# Miscellaneous > Database Programming >  Tornado- .dbLogin Problems w/DB

## paul mancuso

Frank,

There appear to be problems with the .dbLogin function.  First, your DB example uses .dbDSN and the dsn = parameter in the .dbLogin function. Why are both DSN's needed and what do they do? 

In the manual description you are using the [[macro]] tags for the table name and the field element [[ID]]in the SQL string, however in your DB example a [[macro]] is only used for the [[ID]] field.  The description mentions that we must use "the two [[macro]] tags".  Whats up with this?

----------


## Frank

dbDSN = Use DB
dbLogin = "DSN=..." = Password DB.. see following code. DSN=password.mdb is the password MDB. Default=dbDSN is misleading and is rarely the case. I'll take it out in the manual. I corrected the write up in manual. Check and see whether it makes more sense.
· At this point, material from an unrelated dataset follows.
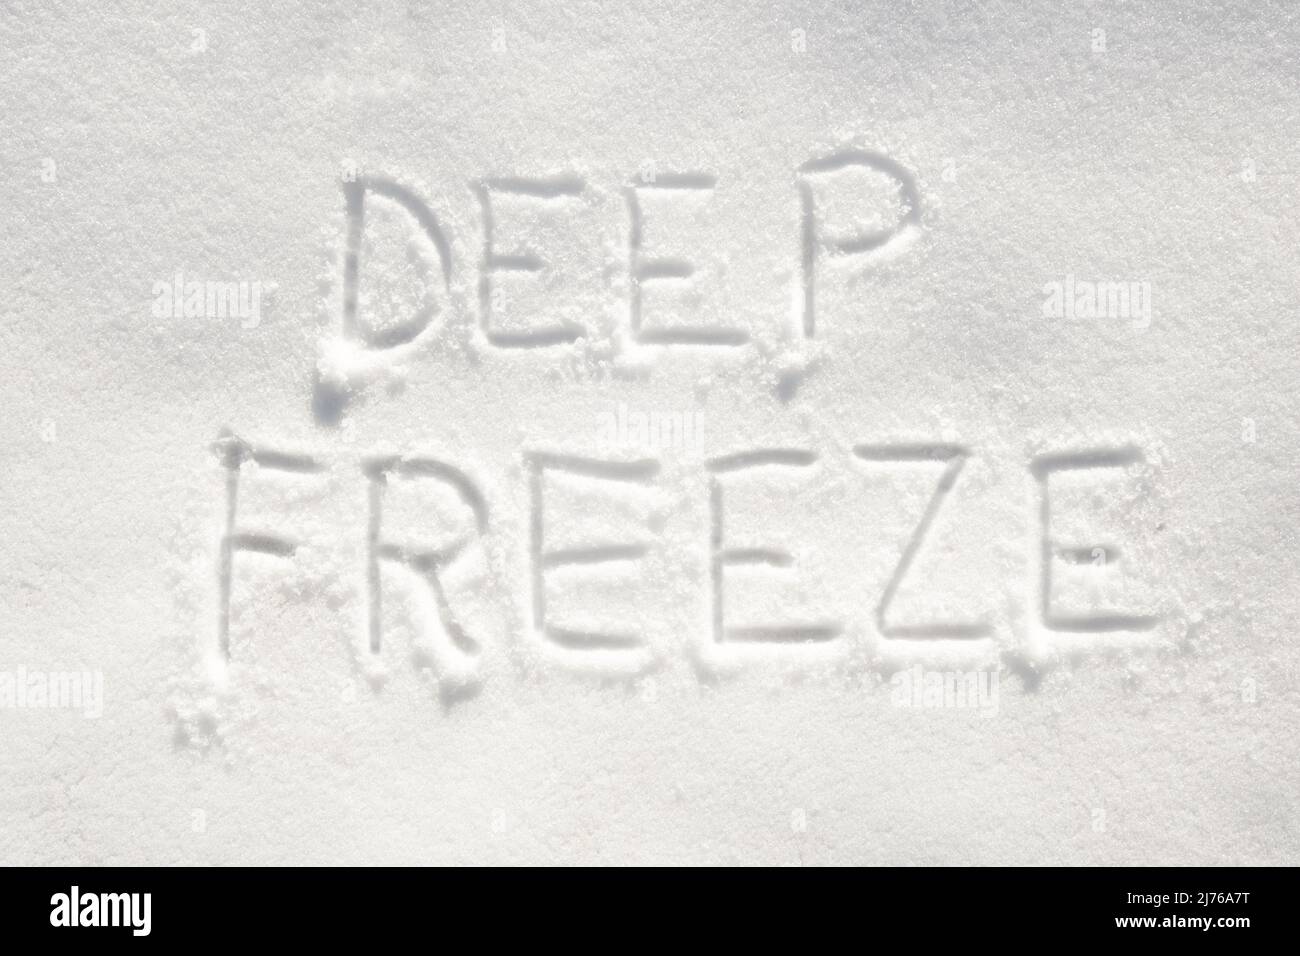 Testo 'deep freeze' scritto nella neve; concetto di arrivo molto freddo Foto Stock
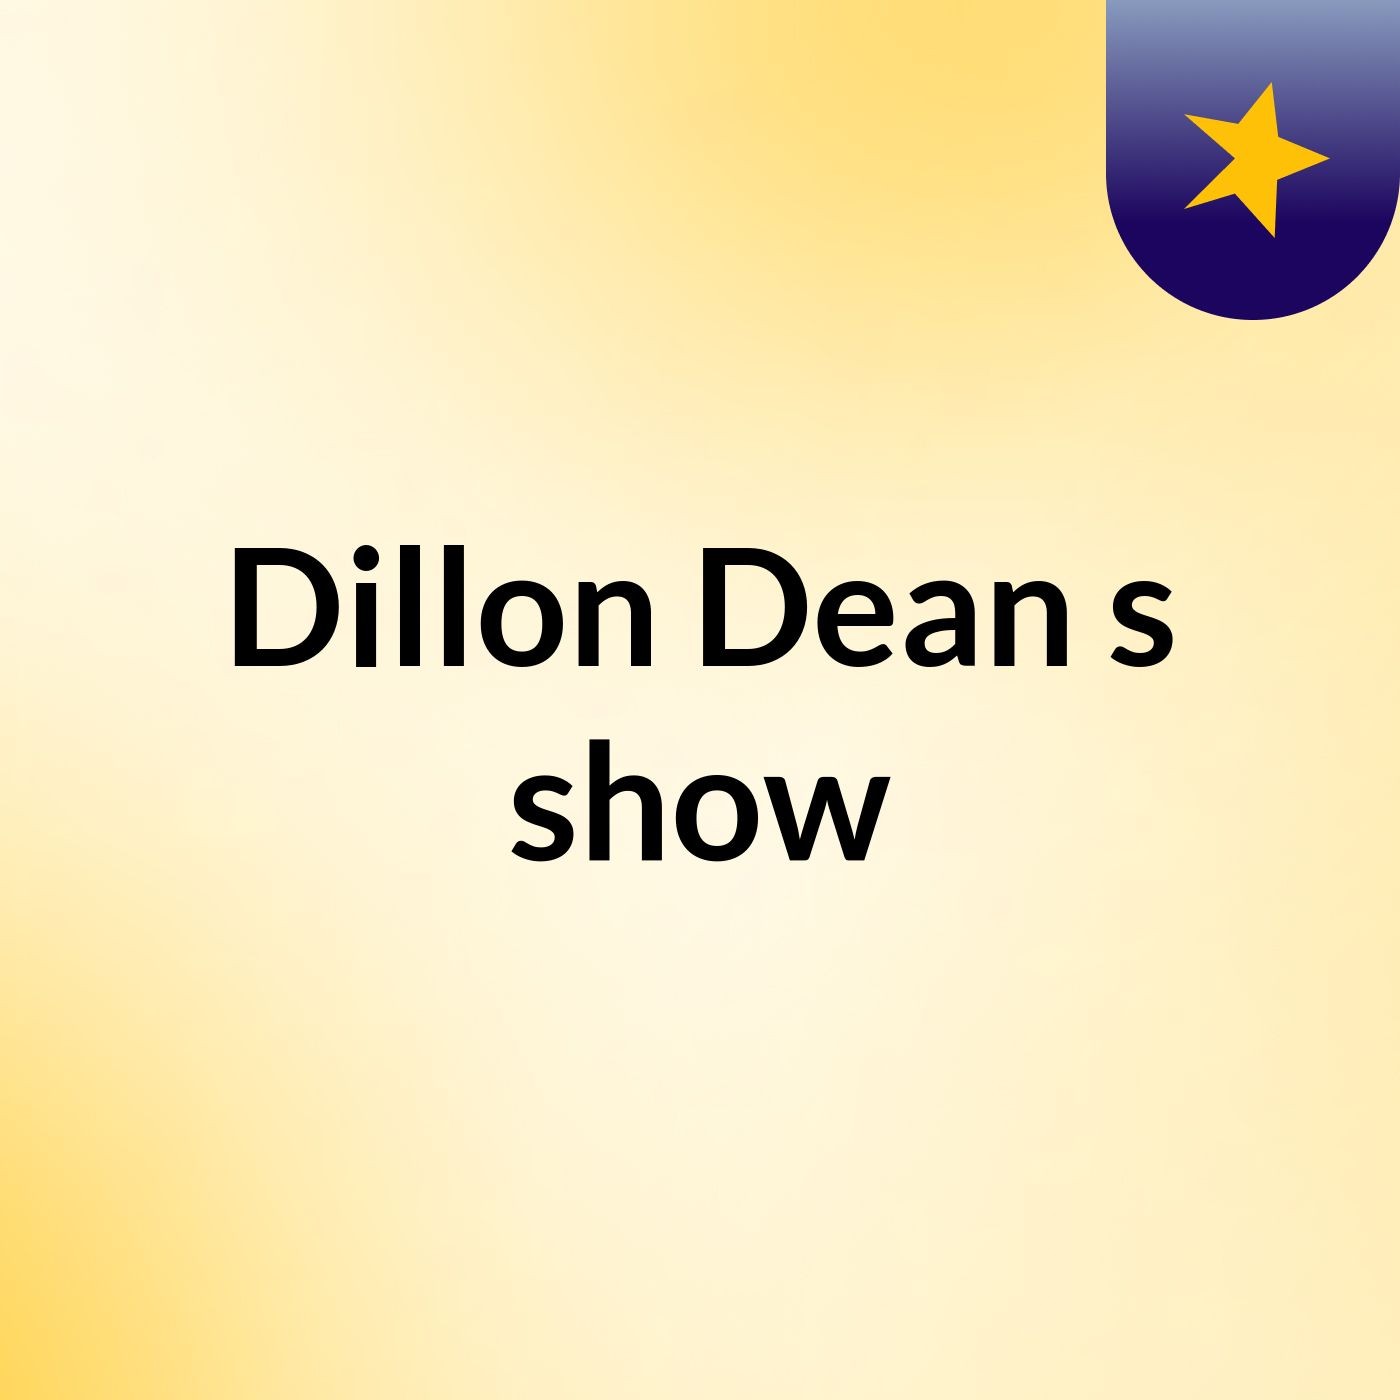 Dillon Dean's show

Essentially, you supply SQL as SELECT password,email from table where ID = '[[ID]]'. The '[[ID]]' will be replaced with the loginname to retrieve the password and email.

		Dim LOG2 As New tornado.z()
		With LOG2
			.dbDSN = "Nwind"
			.dbSkin = 2
			.dbTextHolder = "Title=Tornado Demo - Login - Database Style|subtitle=Use asp/db; hello/world; John Doe; Mary/Jane to login"
			.dbLogin = "Type=DB|DSN=password.mdb|SQL=SELECT password, email FROM table1 WHERE ID = '[[ID]]'|LoginTitle=Tornado Login|FromAddr=frank@aspdb.com|EmailSubject=Your Password|EmailBody=Your password/id is : [[LoginID]] / [[password]] | SMTPserver=mail.server.net"
			.dbUnit = "5"
			.dbMode = "Type=Grid|sysindex=true"
			.dbExportFlds = "0,1"
			.dbSQL = "Select * From Orders"
			.ASPdbNET()
		End With

----------